Не самое приятное открытие.
– Лян, – Князев тронул ее за локоть. – Лянка. Хватит.
Из окрестных домов продолжали прибывать Есми. Теснились со всех сторон, обступали все более плотным кругом. Уходить было некуда. Она загнала в ловушку и себя, и Князева.
Поняв это, Лянка сдернула с плеча косу и резко прочертила острием круг на асфальте.
– Прости. Перестаралась.
Ее свободная рука на мгновение снова отыскала и сжала ладонь Князева, чтобы в следующее мгновение взлететь вверх, перехватывая косу за рукоятку.
Жатва началась.
Игни невольно залюбовался ее скупыми отточенными движениями. Будто бы и вправду доводилось управляться в поле – взмах, выпад, шаг, разворот… Светлые пряди струились по плечам в такт каждому движению. Взмах. Выпад. Медленно, но верно она прокладывала себе путь сквозь поле мертвецов так, что от Князева требовалось только не отставать. «Сзади», – неслышно подсказывал Игни, и она отражала удар. «Здесь не пройти. Лучше влево, там их меньше», – шептал он, зная, что его не слышат, но девочка с косой, ведомая собственной музыкой, все делала правильно и пробивалась не туда, откуда они приехали, а на соседнюю улицу.
Место упавших тут же занимали другие. Но и Лянка не стояла на месте.
Князев, бесполезным прицепом болтавшийся за ее спиной, вдруг исчез из поля зрения. В следующее мгновение Игни увидел его снова, словно кто-то перевел камеру в иной ракурс – теперь он смотрел на толпу Есми со стороны пустующей проезжей части.
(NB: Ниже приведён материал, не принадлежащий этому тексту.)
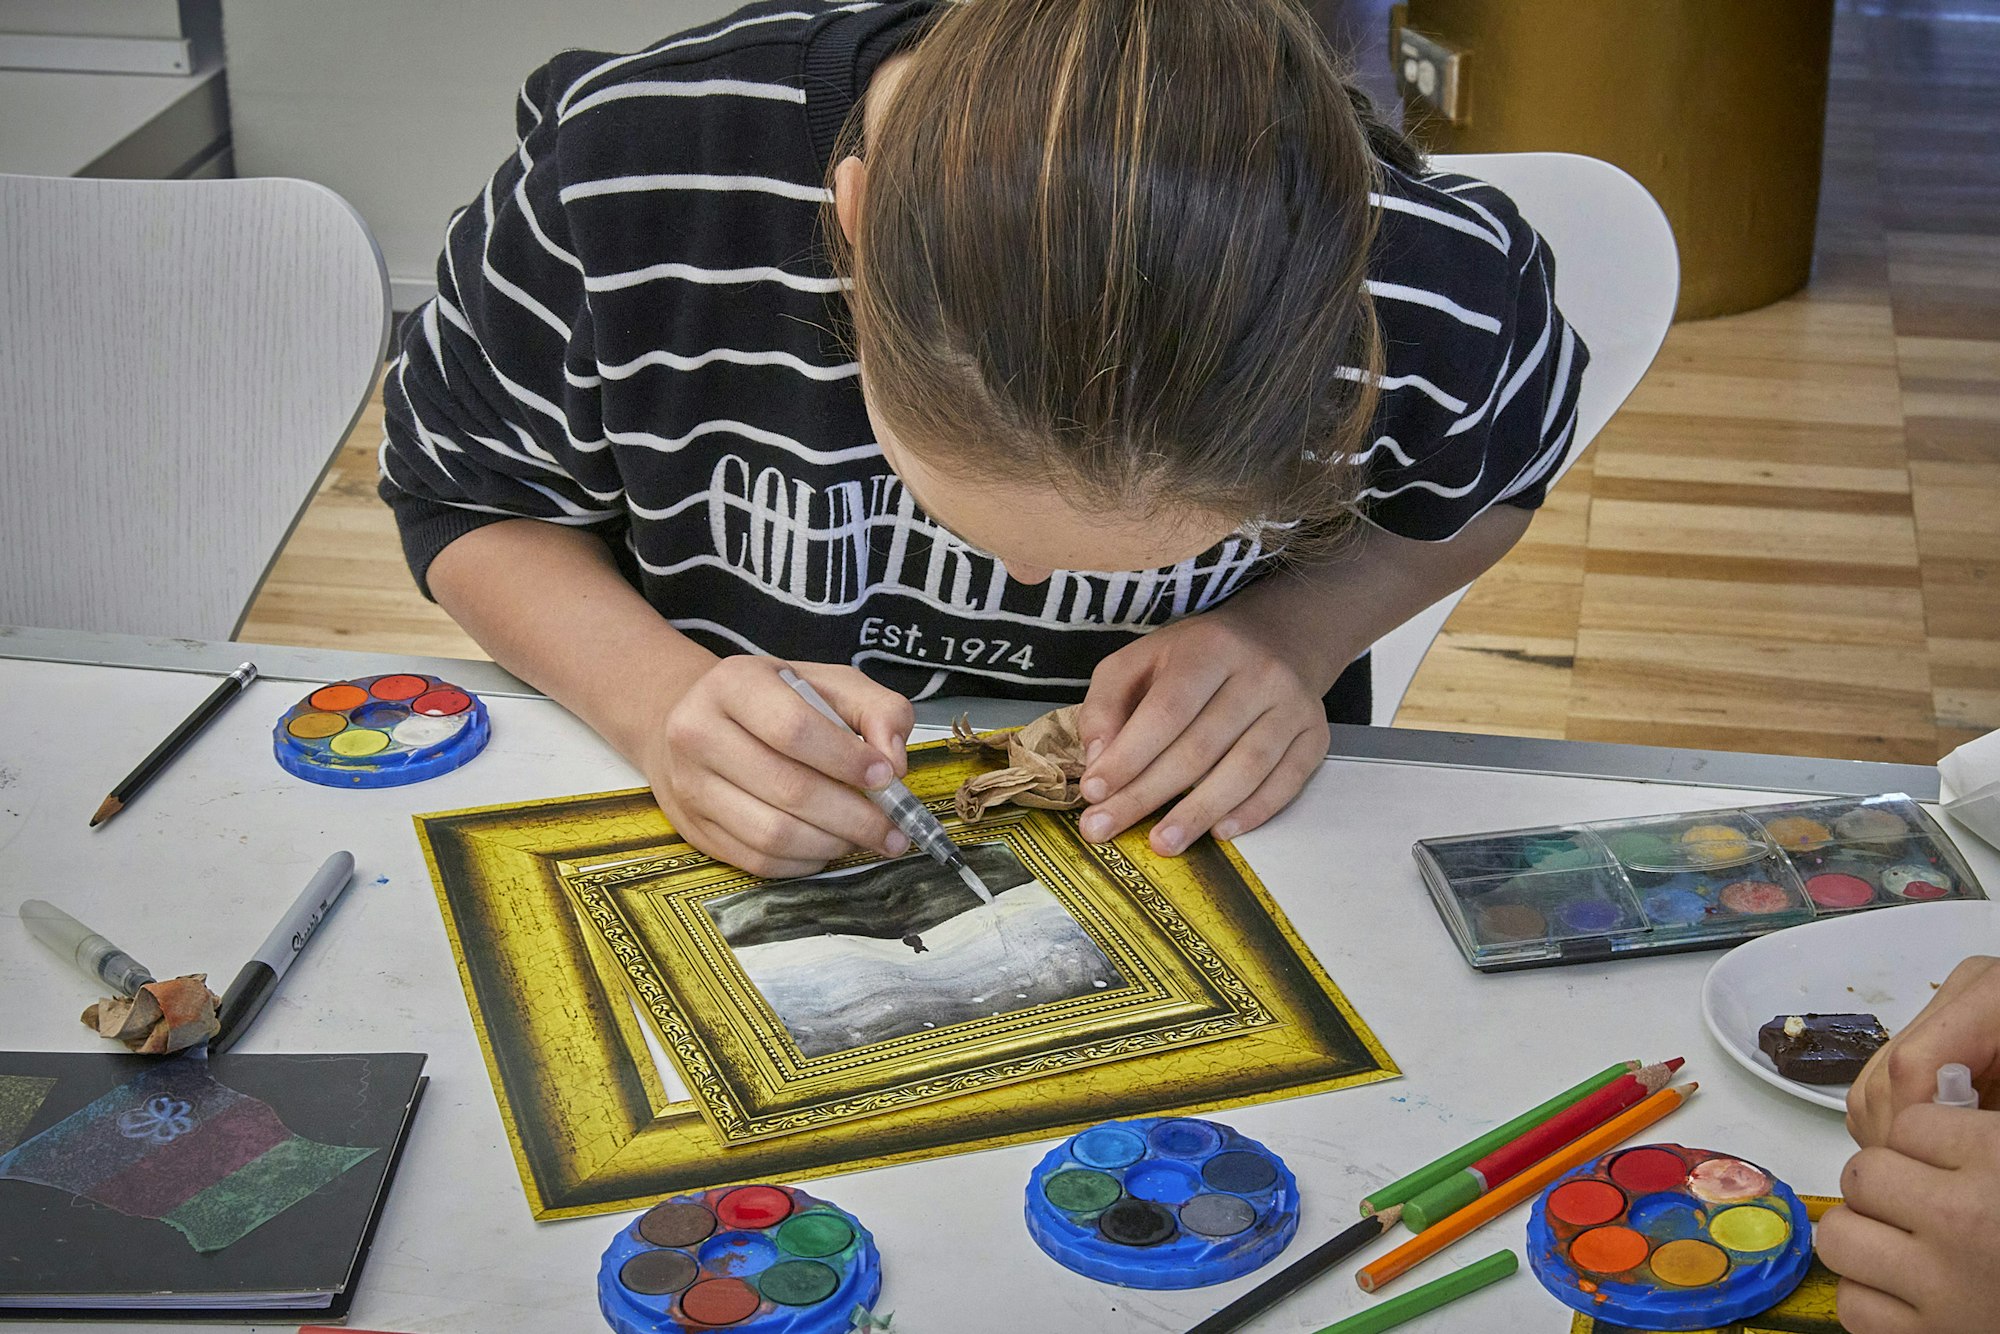 A person sits leaning over an art project in progress, surrounded by paints and other art materials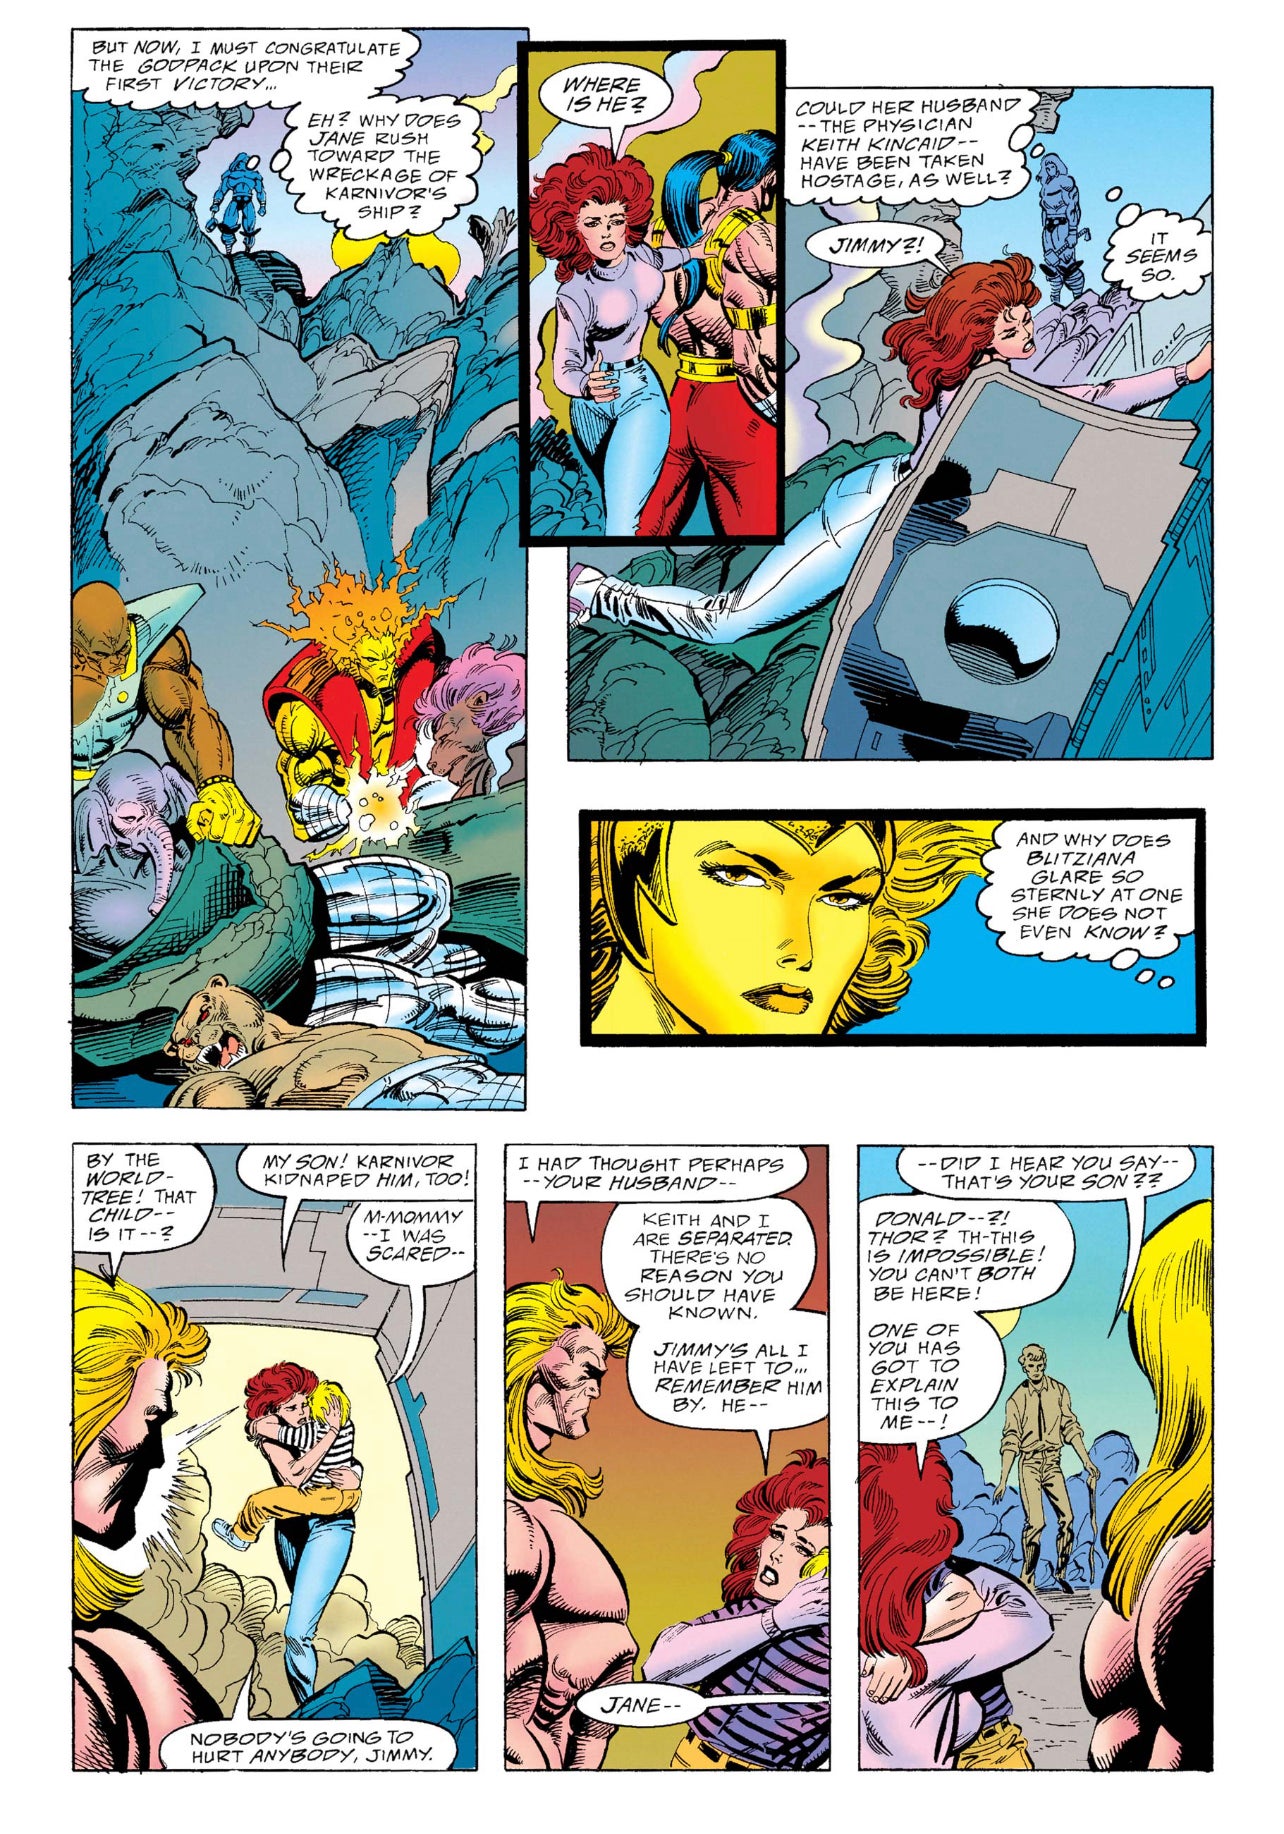 Interior page showing Jimmy meeting Thor

К счастью, Лянка уловила маневр. Уйдя в Полупуть, она тут же оказалась рядом. Выигранную секунду оба потратили на то, чтобы отдышаться. Море мертвецов выплеснулось из-за дома, обтекая его с обеих сторон, но те, кто их звал, уже со всех ног неслись к темнеющей вдалеке громадине заброшенного дома культуры, то исчезая, то вновь появляясь, дразня, но не пропадая из виду. И только оказавшись за синим строительным ограждением, они перестали играть в поддавки и просто бежали так, словно за ними гнались все демоны ада.
Отстрел начался снаружи. Прежде чем Князев успел нырнуть в темноту за распахнутыми дверями, Игни услышал едва различимые щелчки снайперских винтовок. Площадка перед зданием перестала быть различимой под телами упавших Есми. Тех из них, кому удалось добраться до ступеней, встречали внутри, в том месте, где когда-то был зрительный зал. На краю полуразрушенной сцены выстроились люди с автоматами. Князев и Лянка взлетели на подмостки и дружно рухнули лицом вниз, инстинктивно прикрывая головы.
Если б речь шла не о тех, кто и так уже мертв, Игни назвал бы это бойней.
Люди – нет, Есми, – заполняли проходы между рядами сломанных стульев и оставались лежать, растопырив конечности и запрокинув головы. Сейчас, когда их нечеловечески белые глаза были закрыты, все это казалось съемками фильма об ужасах холокоста.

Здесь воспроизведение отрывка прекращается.